**TASK TO CARRY OUT**.
When the line containing "Batman Superman Worlds" is found in the data below, copy it and each line after it through the line containing "Nike Phenom Knit", exactly and with no others.

**AVAILABLE DATA**.
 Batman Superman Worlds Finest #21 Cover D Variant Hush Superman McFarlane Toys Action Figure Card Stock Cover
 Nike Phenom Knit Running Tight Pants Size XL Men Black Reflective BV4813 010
---
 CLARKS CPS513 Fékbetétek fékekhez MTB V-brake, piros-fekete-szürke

**ANSWER BOX**.
 Batman Superman Worlds Finest #21 Cover D Variant Hush Superman McFarlane Toys Action Figure Card Stock Cover
 Nike Phenom Knit Running Tight Pants Size XL Men Black Reflective BV4813 010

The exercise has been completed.